Feature GV100 generation Volta: 5376 CUDA cores, 21.1 billion transistors and 672 additional kernel Tensor Cores
In April of last year, Nvidia introduced GPU generation Pascal GP100, containing 15 billion transistors and 3840 CUDA cores. Then he seemed to be something incredible, but now the accelerator GeForce GTX 1080 Ti and Titan Xp contain almost the same GPU GP102 and they have no problem to buy.
So it’s time to introduce a new monster. And it was the GPU GV100 generation Volta. Recall, this is not the first announcement of this architecture. Back in September of last year Nvidia introduced to Xavier SoC with GPU generation Volta, but it will still come out on the market until next year.

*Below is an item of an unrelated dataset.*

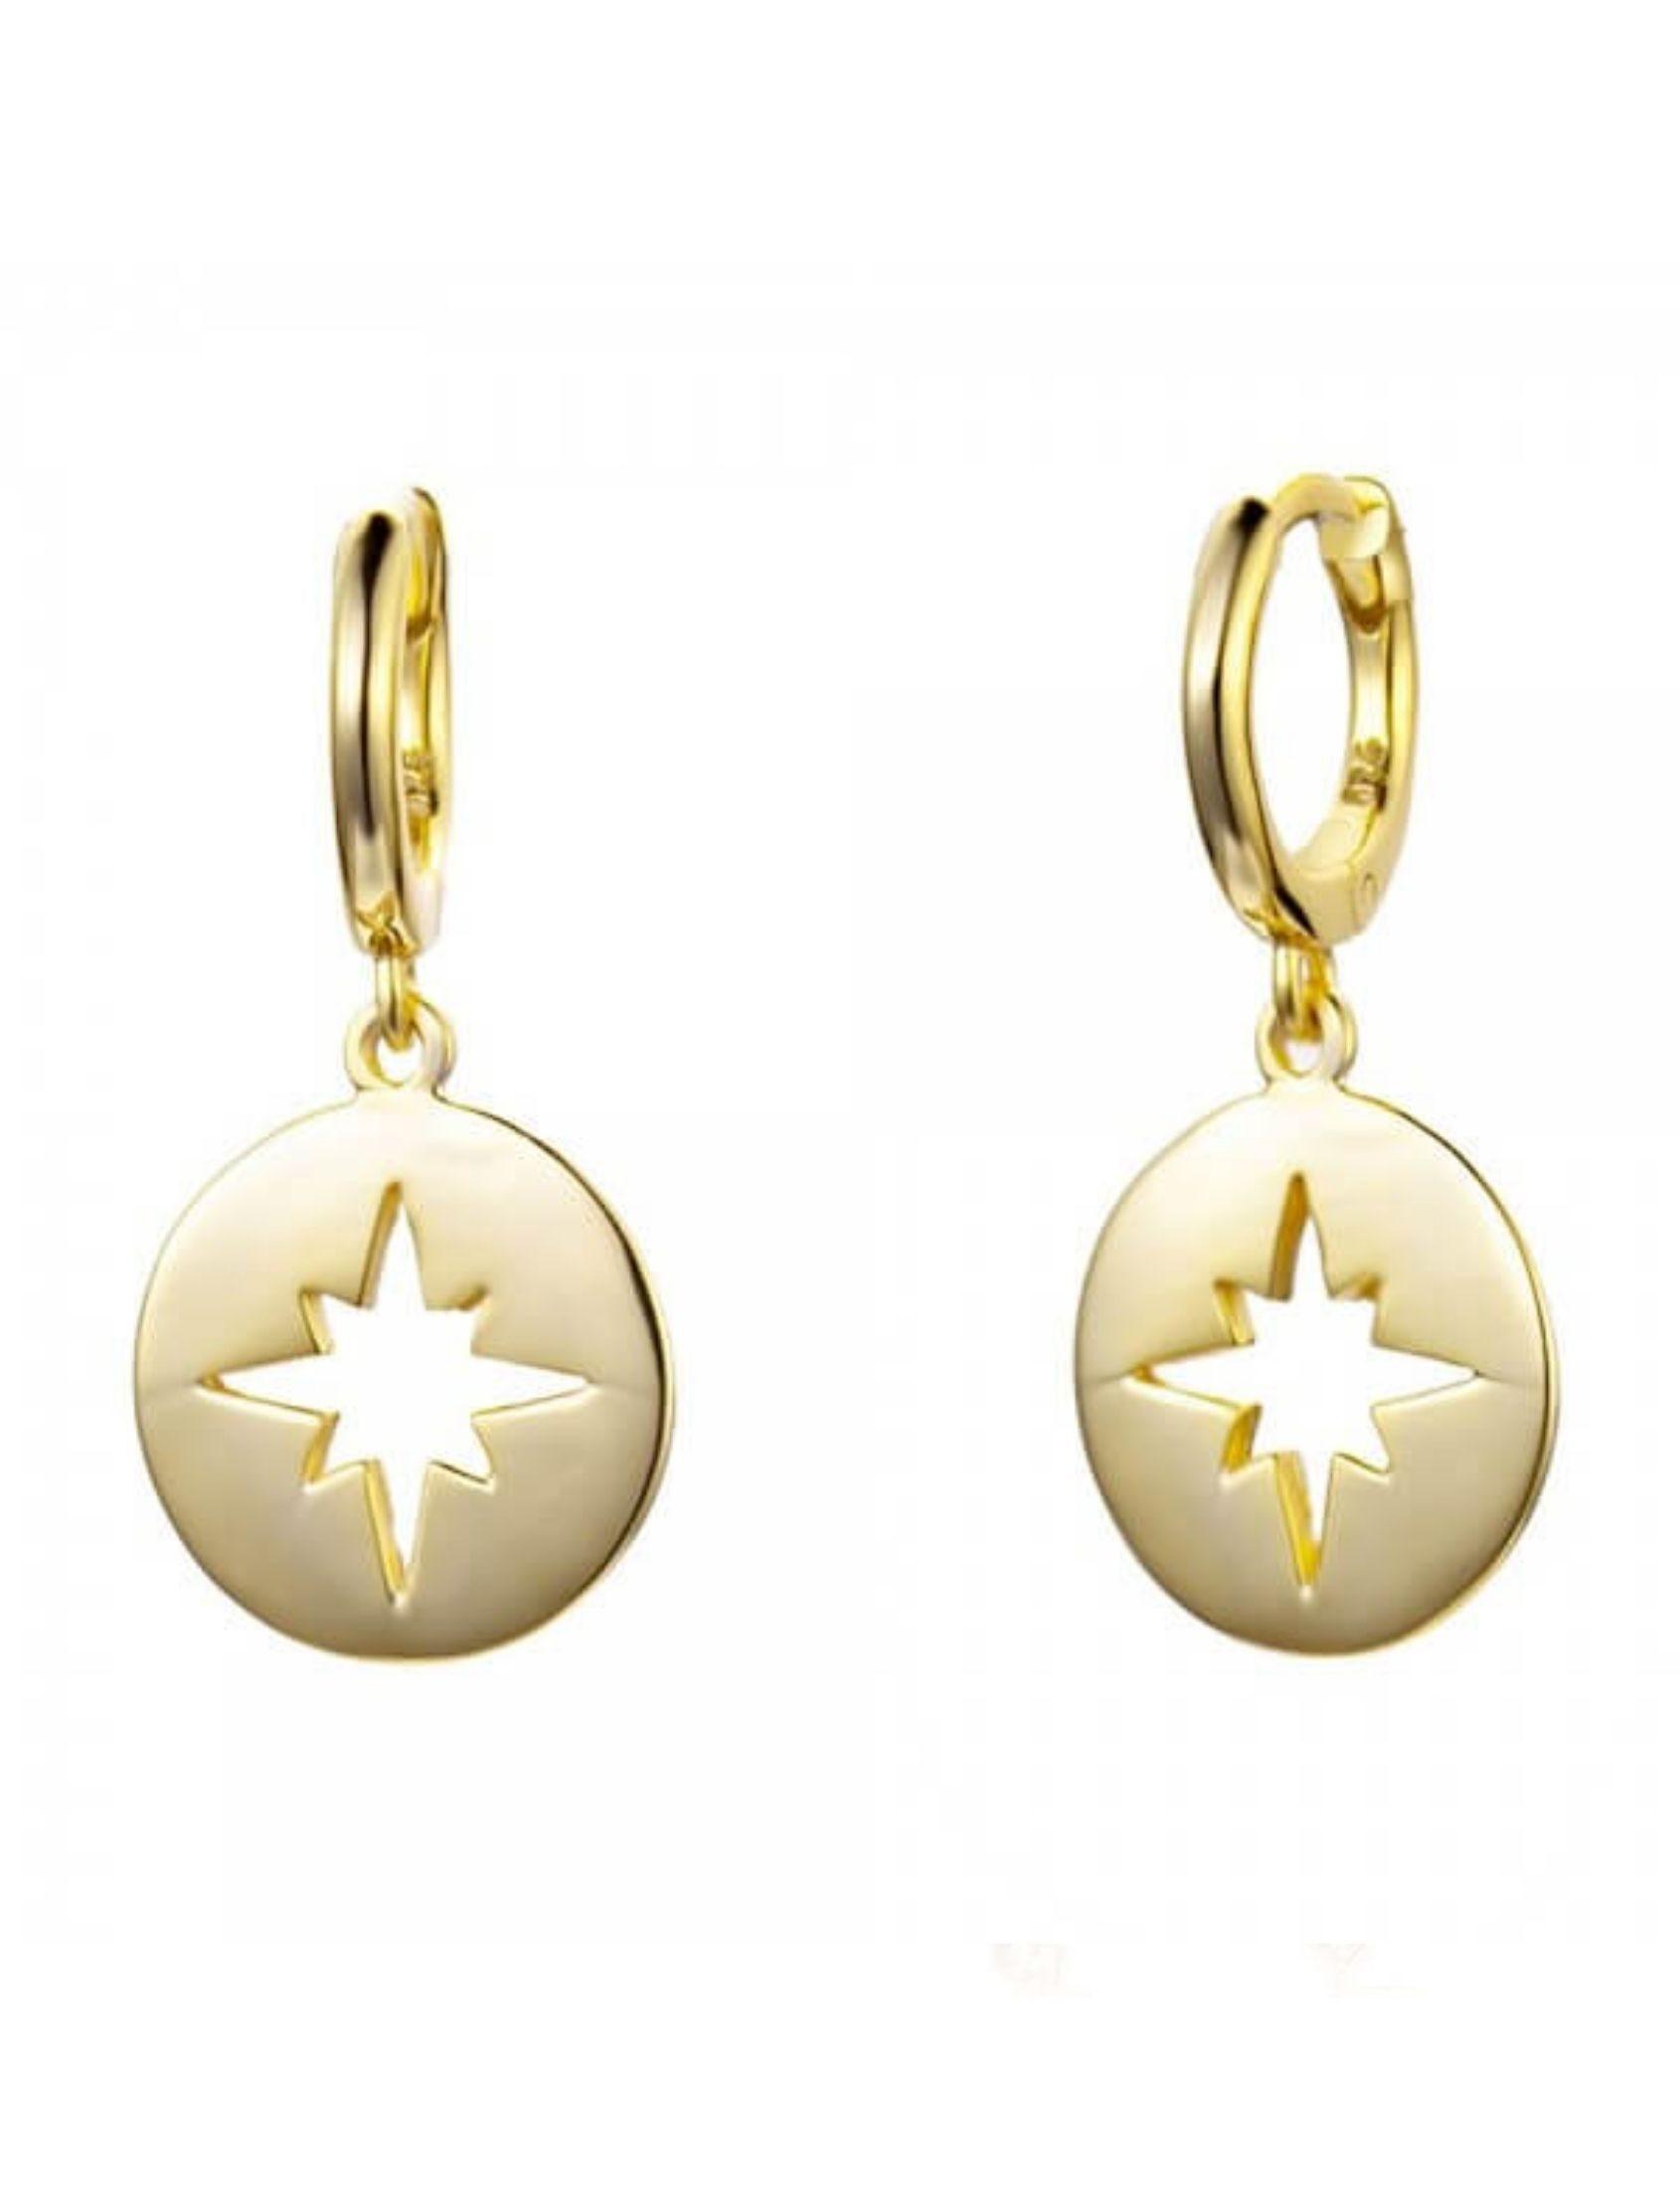 pendientes aro con colgante de medalla noa en plata chapada en oro

So, GV100 — new flagship GPU of Nvidia. It consists of 21.1 billion transistors and includes 5376 CUDA cores! Yes, about a year or a little more the market will be consumer video card company with about the same parameters, but now features a new GPU was impressive.
As GP100 at the time, GV100 is not intended for consumer graphics cards. Based on this GPU will be to create a professional accelerators for workstations, servers, and so on.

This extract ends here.